As the Education Department grapples with a proposal to rate U.S. colleges, a nonprofit group is recommending cutting aid to schools that fail to improve on metrics such as completion rates and loan repayment.
The government should leverage student aid and tax benefits to protect students and keep taxpayer dollars from underperforming schools, according to a report released today by the Washington-based Education Trust.
About $180 billion annually flows from the government to thousands of colleges, from the highest-performing to the lowest, with almost no consideration for performance, acceptance of low-income students, graduation rates, or student-loan repayment measures, according to Michael Dannenberg, a co-author of the report and the group’s director of higher education and finance policy.
“When we look at the data, similar students with similar characteristics get different results and some institutions get especially poor results, and that’s not acceptable,” Dannenberg said in an interview. “Colleges are supposed to correct socioeconomic inequities.

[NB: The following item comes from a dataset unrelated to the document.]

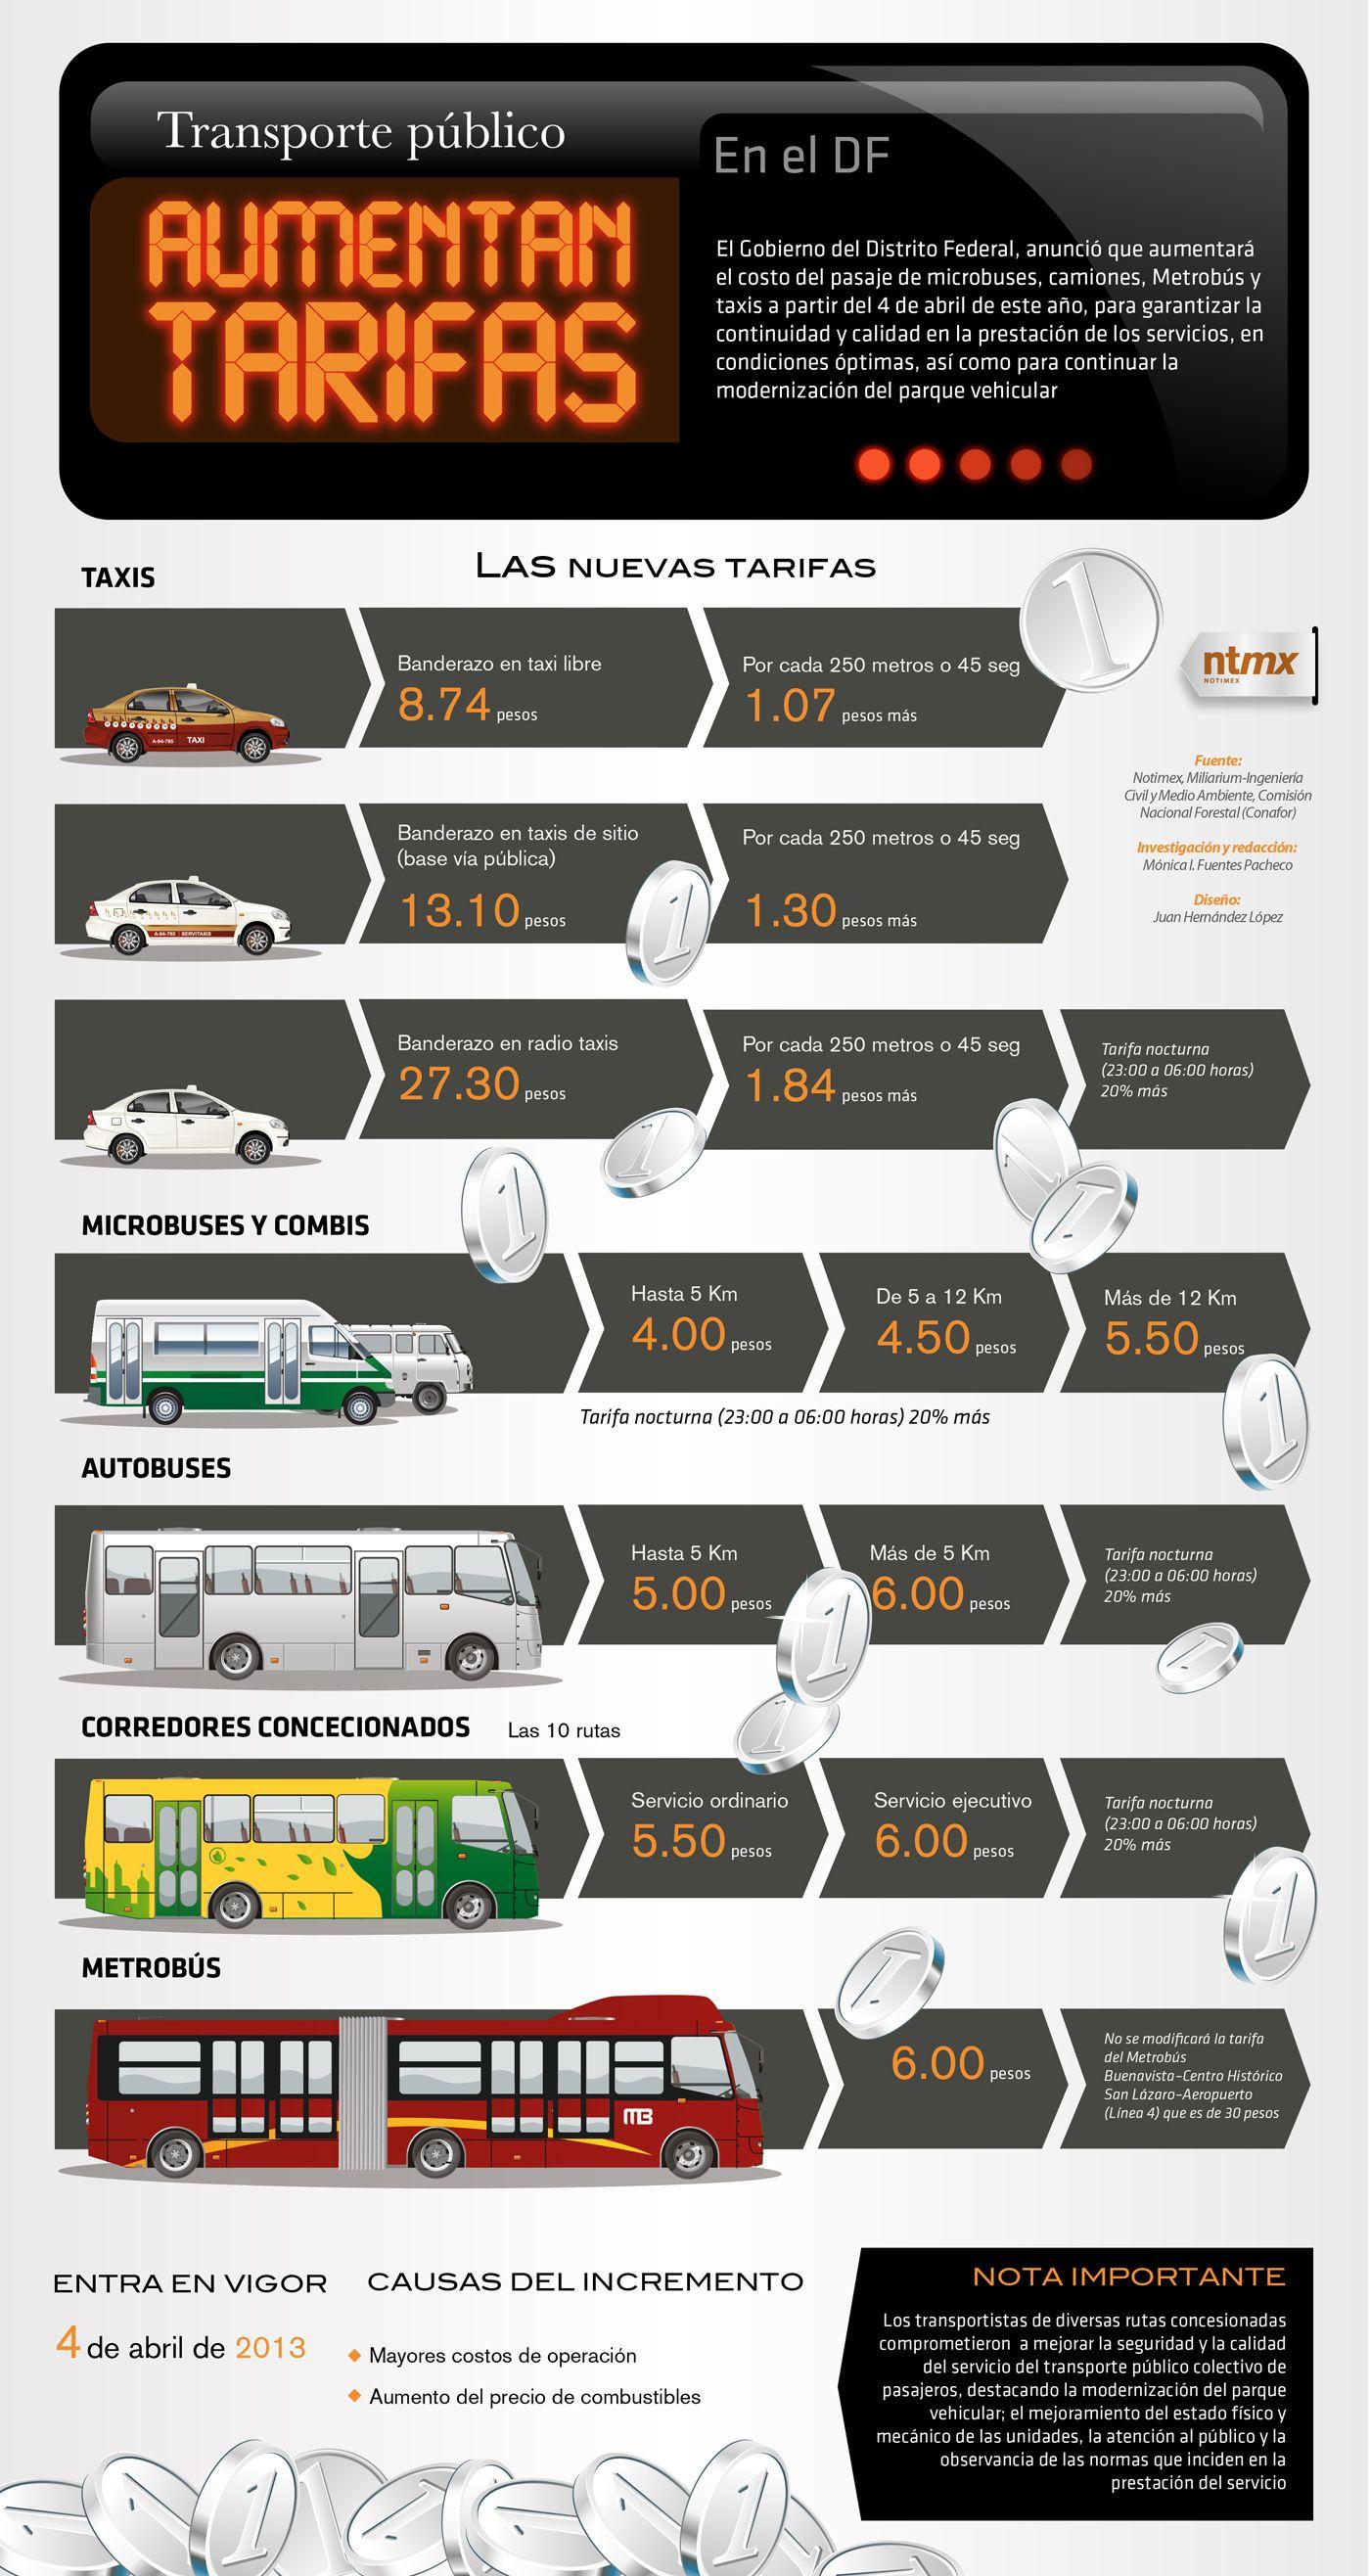 Aumentan tarifas de transporte en el DF A los microbuses y al Metrobús se les aumentó $1 por el costo del viaje; es decir se cobrará $6 por viaje. Los microbuses que cobraban $3 ahora cobrarán $4. Las nuevas tarifas entran en vigor el jueves 4 de abril.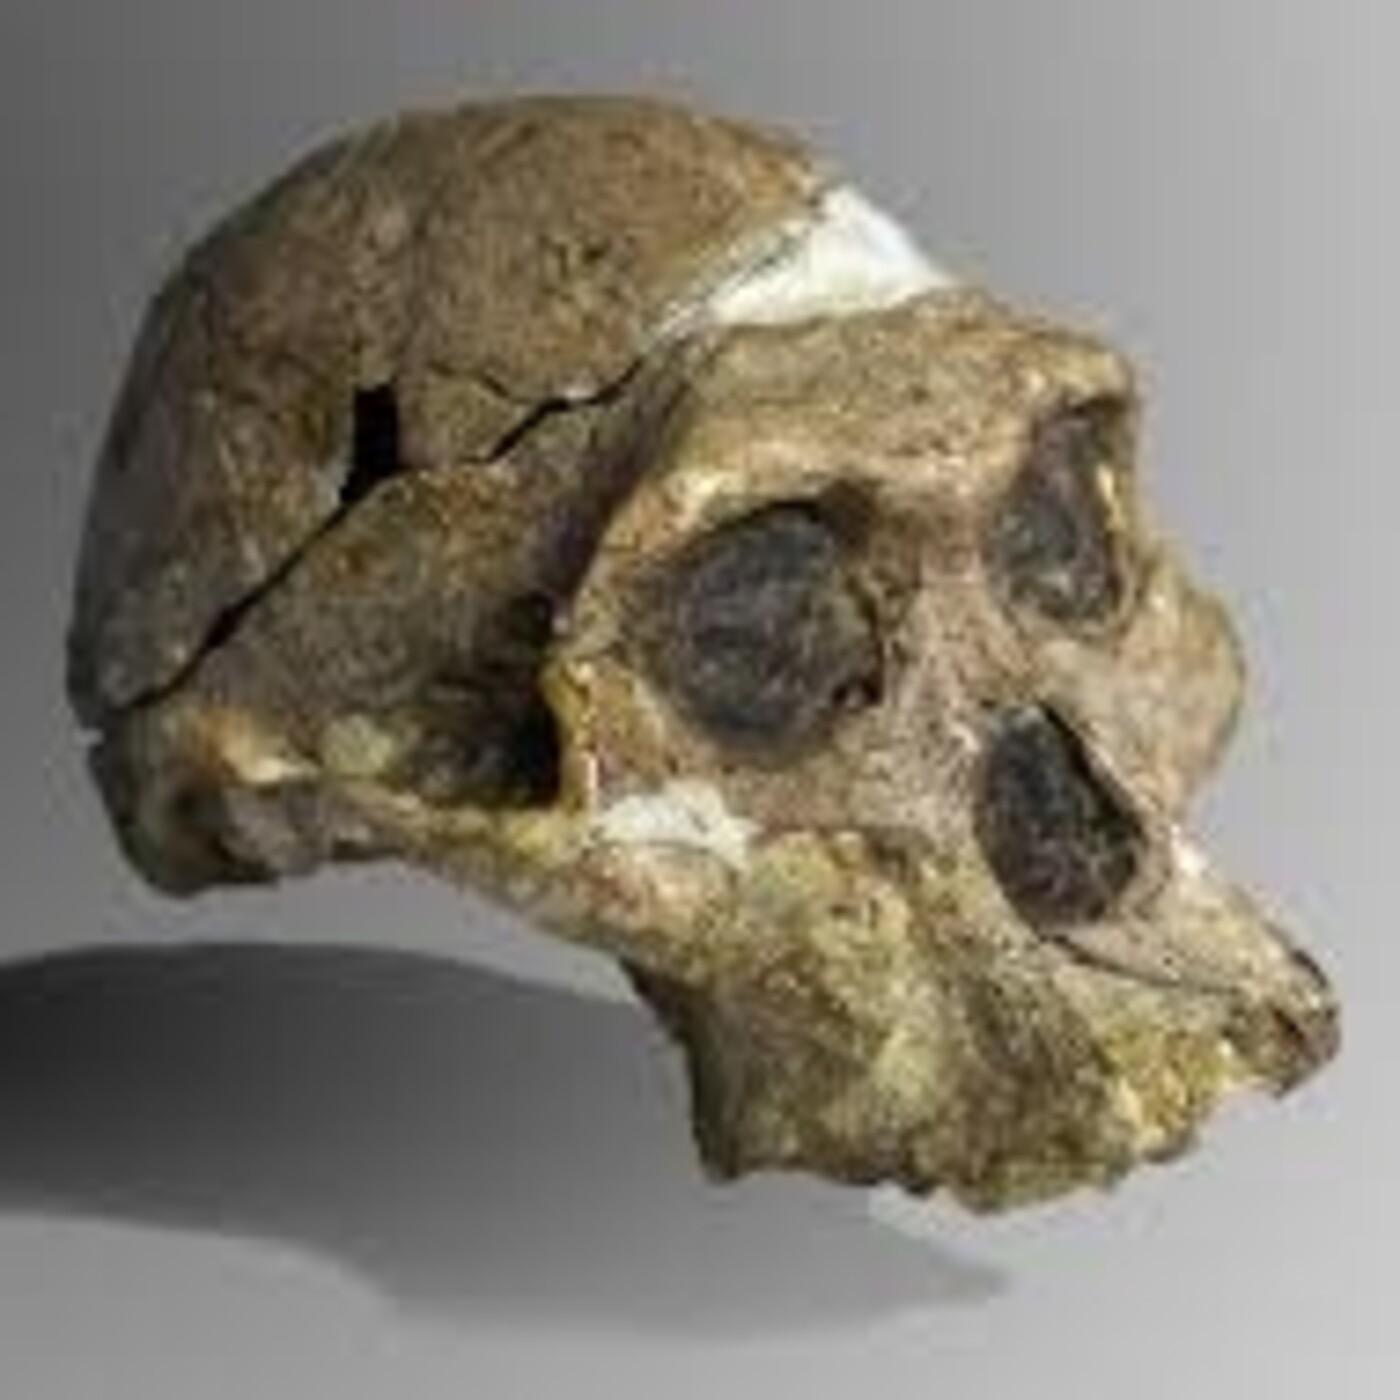 241 - Rep. Evolución Humana 1: El Misterio del Origen Humano

Too often, there are institutions that are calcifying them.”
The Obama administration announced last August its intention to create a college-rating system to give families enough information to determine good value. Potential measurable data include completion rates and student debt. Education Department officials have held more than 80 meetings with stakeholders including college leaders and students, according to the department’s website. Many college leaders have publicly expressed their concern about such a system, and a draft proposal is expected this fall.
“We are trying to cut to the chase of what the President is trying to do for every college,” Dannenberg said. “We’re proposing what we think is a fair way to identify bad institutions who are demonstrating not doing well based on current data and encouraging them to improve over time with dedicated support.”
More than $15 billion in federal student aid funds four- year “college dropout factories” with six-year graduation rates below 15 percent and “diploma mills” where almost 30 percent of students who leave with debt are unable to repay their loans, according to the report, called “Tough Love: Bottom Line Quality Standards for Colleges.”
The Education Trust’s proposed standards include minimum rates for college completion and establishing minimum repayment rates to determine which graduates are making payments on their loans instead of relying on the department’s three-year default rate.
The default rate doesn’t account for borrowers who are struggling and is a “suboptimal metric that has been gamed by institutions of higher education in the past,” Dannenberg said.
The group also recommended that more highly selective institutions with low numbers of Pell grant recipients boost enrollment of those low-income students.